## Exercise data

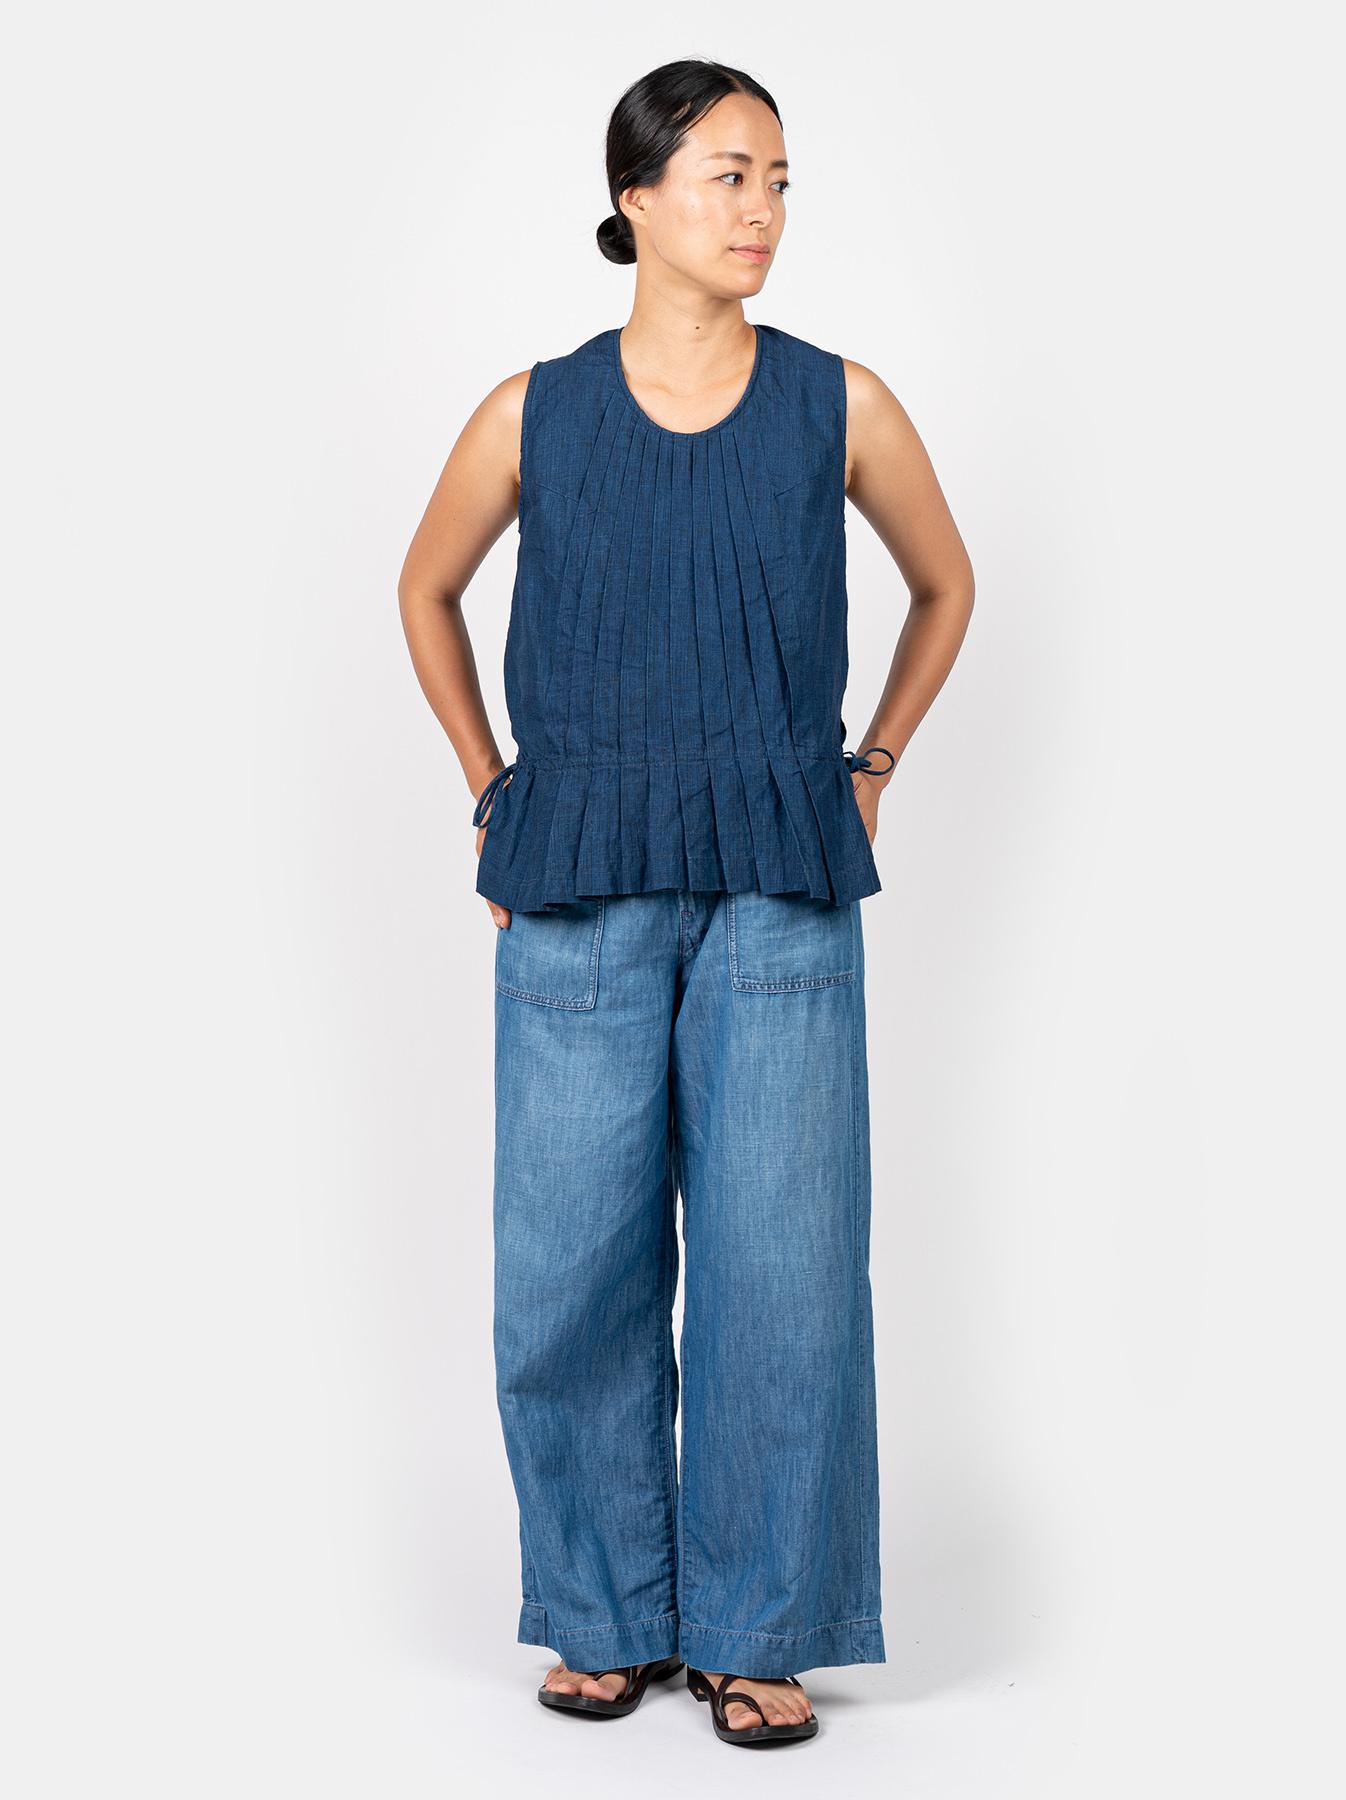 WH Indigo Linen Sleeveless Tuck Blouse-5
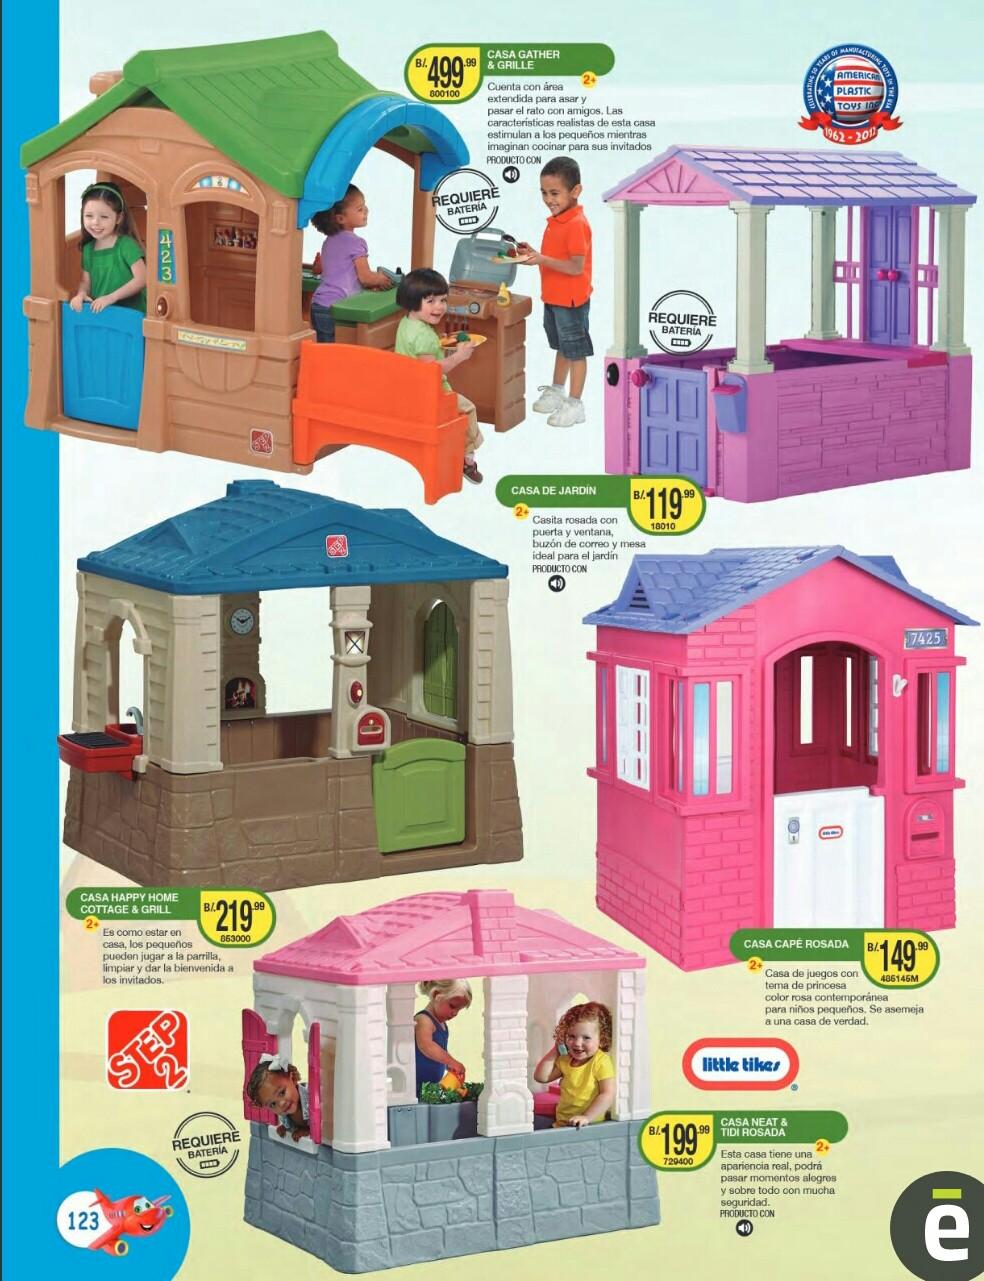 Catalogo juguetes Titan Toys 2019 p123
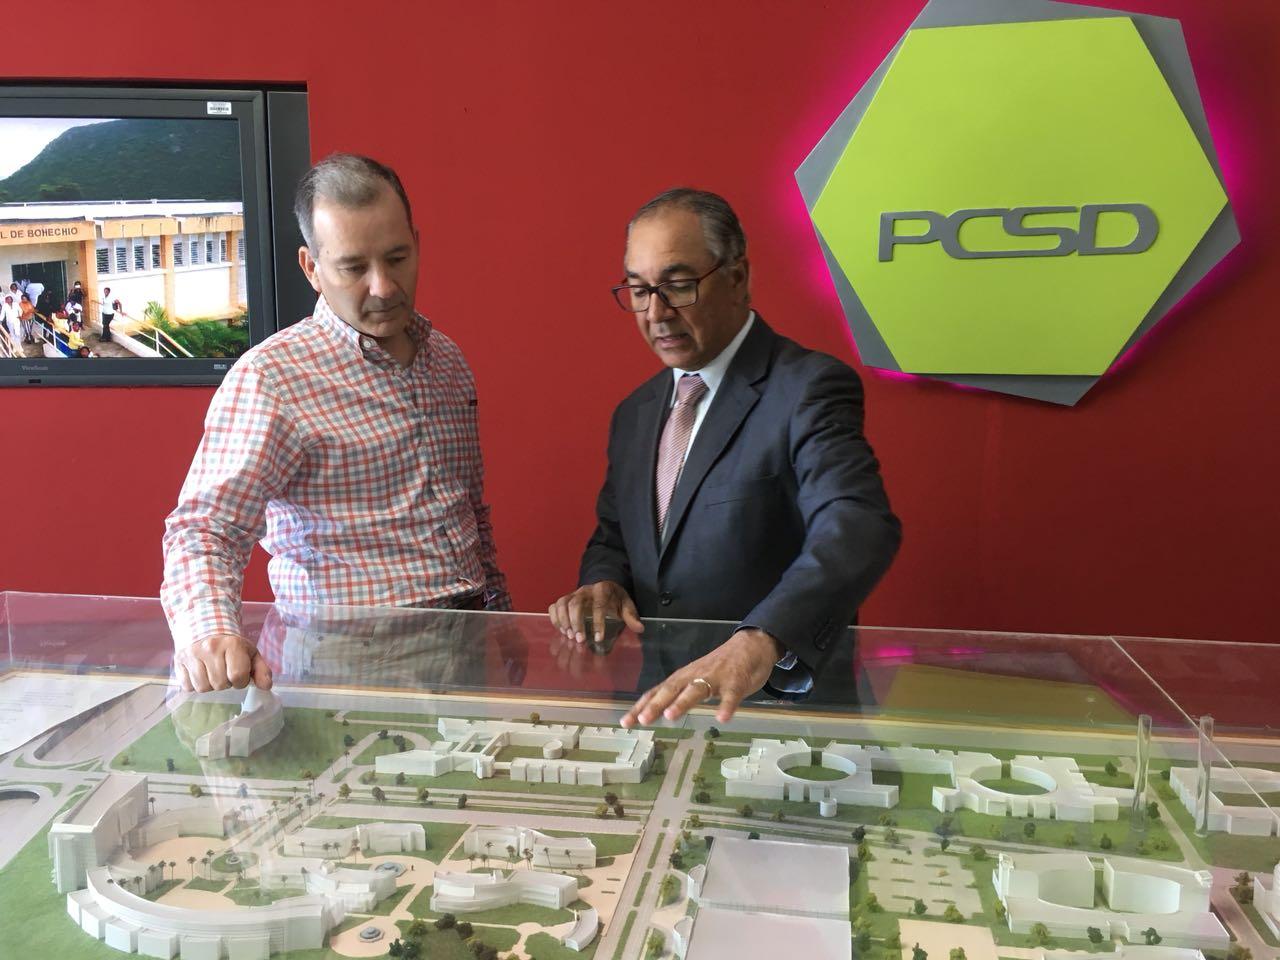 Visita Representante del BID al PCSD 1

## How to complete this task
Everything in the material goes into the copy exactly, except the images.

## Output for this task
 WH Indigo Linen Sleeveless Tuck Blouse-5
 Catalogo juguetes Titan Toys 2019 p123
 Visita Representante del BID al PCSD 1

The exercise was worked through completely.